Citation and grounding

"The AI said it" is not acceptable to enterprise customers. Every answer needs to cite its sources — which chunks it used, from which documents. This lets users verify. It also makes debugging trivial: when an answer is wrong, you can immediately see whether the problem was retrieval (wrong sources) or generation (right sources, wrong interpretation).

Fallback behavior

What does the system do when it doesn't know? The default LLM behavior is to generate something plausible. In production, you need it to say "I don't have enough information to answer this" — and you need it to do so reliably. This requires explicit instructions in the prompt, confidence thresholds on retrieval scores, and testing specifically for this behavior.
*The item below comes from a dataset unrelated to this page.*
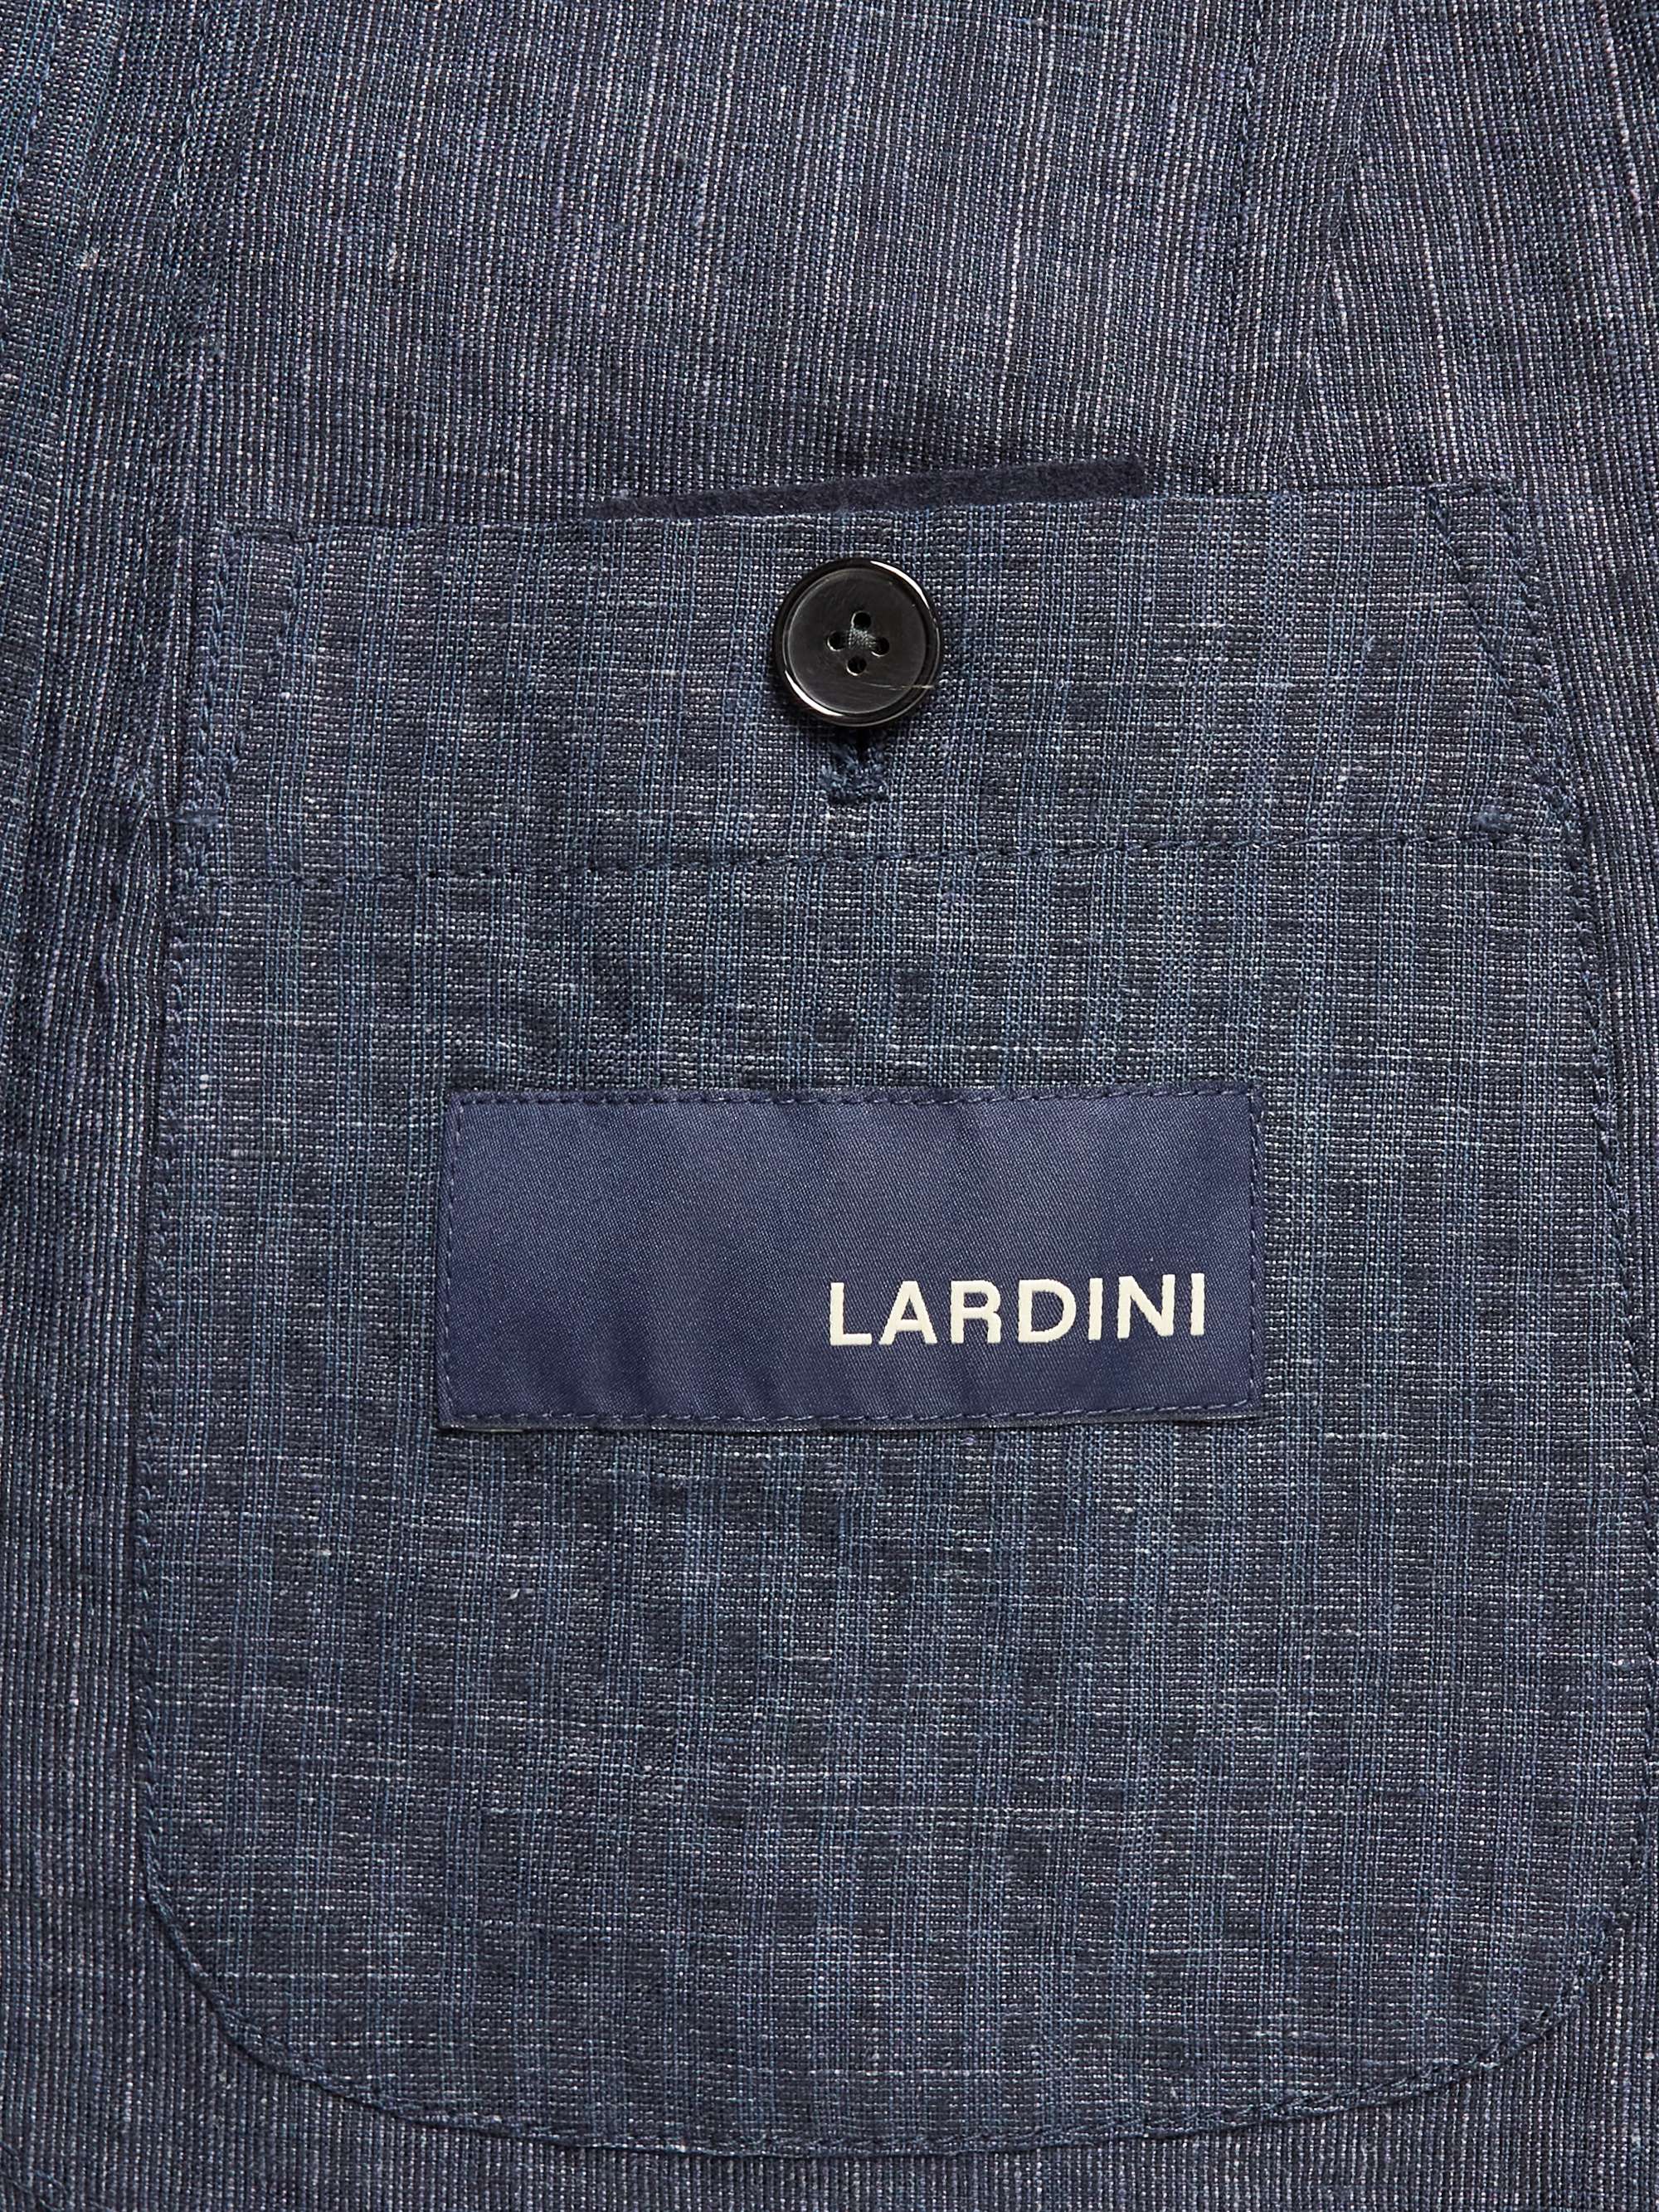 LARDINI Unstructured Striped Cotton-Blend Blazer

What a production RAG stack actually looks like

For reference, here's the real architecture of a production RAG system I run today:

Ingestion pipeline: Document processing → cleaning → semantic chunking → embedding → vector store + metadata index
Query pipeline: Query understanding → metadata filter → hybrid retrieval (semantic + BM25) → reranking → context assembly → LLM generation → citation extraction
Evaluation layer: Retrieval metrics, generation metrics, golden test sets, weekly automated evals, drift detection
Observability: Per-query logging (query, retrieved chunks, generated answer, latency, cost, user feedback), dashboards, alerting on quality regression
Governance: Prompt versioning, model version tracking, access control via metadata filtering, audit trail

This isn't overengineering. This is what it takes to run RAG that an enterprise trusts. The tutorial version is items 1 and 2, without the nuances. The production version is all five.
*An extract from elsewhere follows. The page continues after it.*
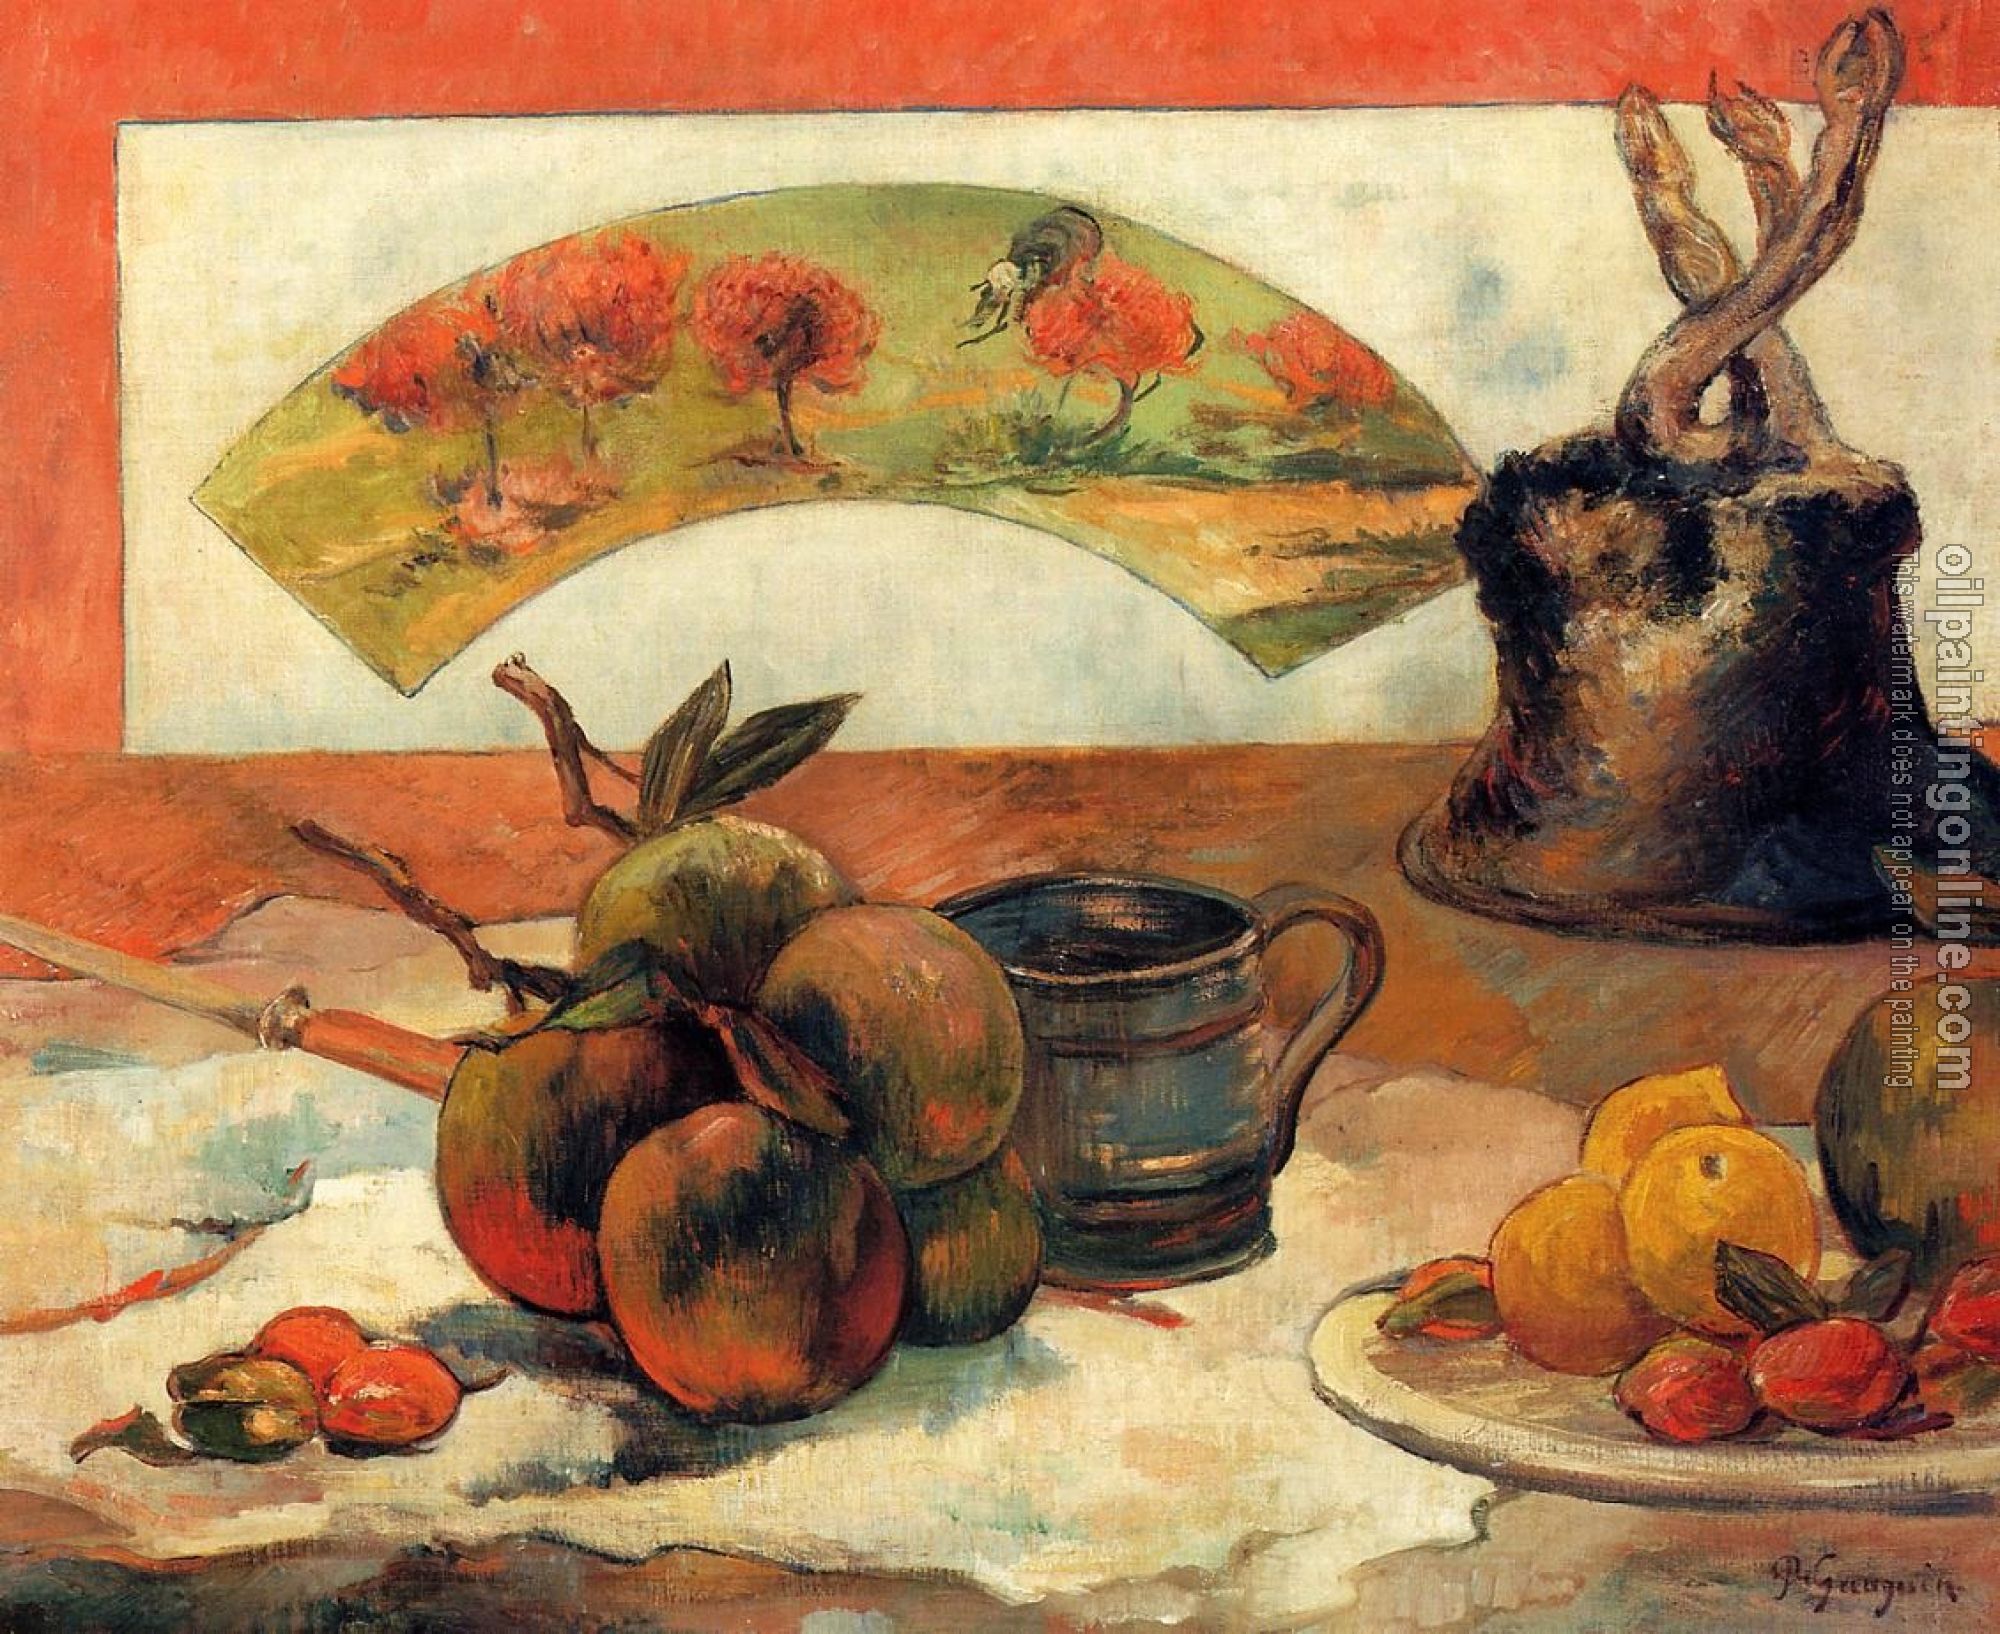 Gauguin, Paul - Still Life with Fan

RAG is the most deployed LLM pattern in production today, and it's also the most commonly deployed badly. The core idea is sound. The execution just requires a lot more engineering than the tutorials suggest.

If you're building RAG and it "mostly works," that's exactly the state you should be worried about. "Mostly works" means silently wrong answers reaching users who trust your system. The difference between a RAG demo and a RAG product is the infrastructure to catch, measure, and fix the failures.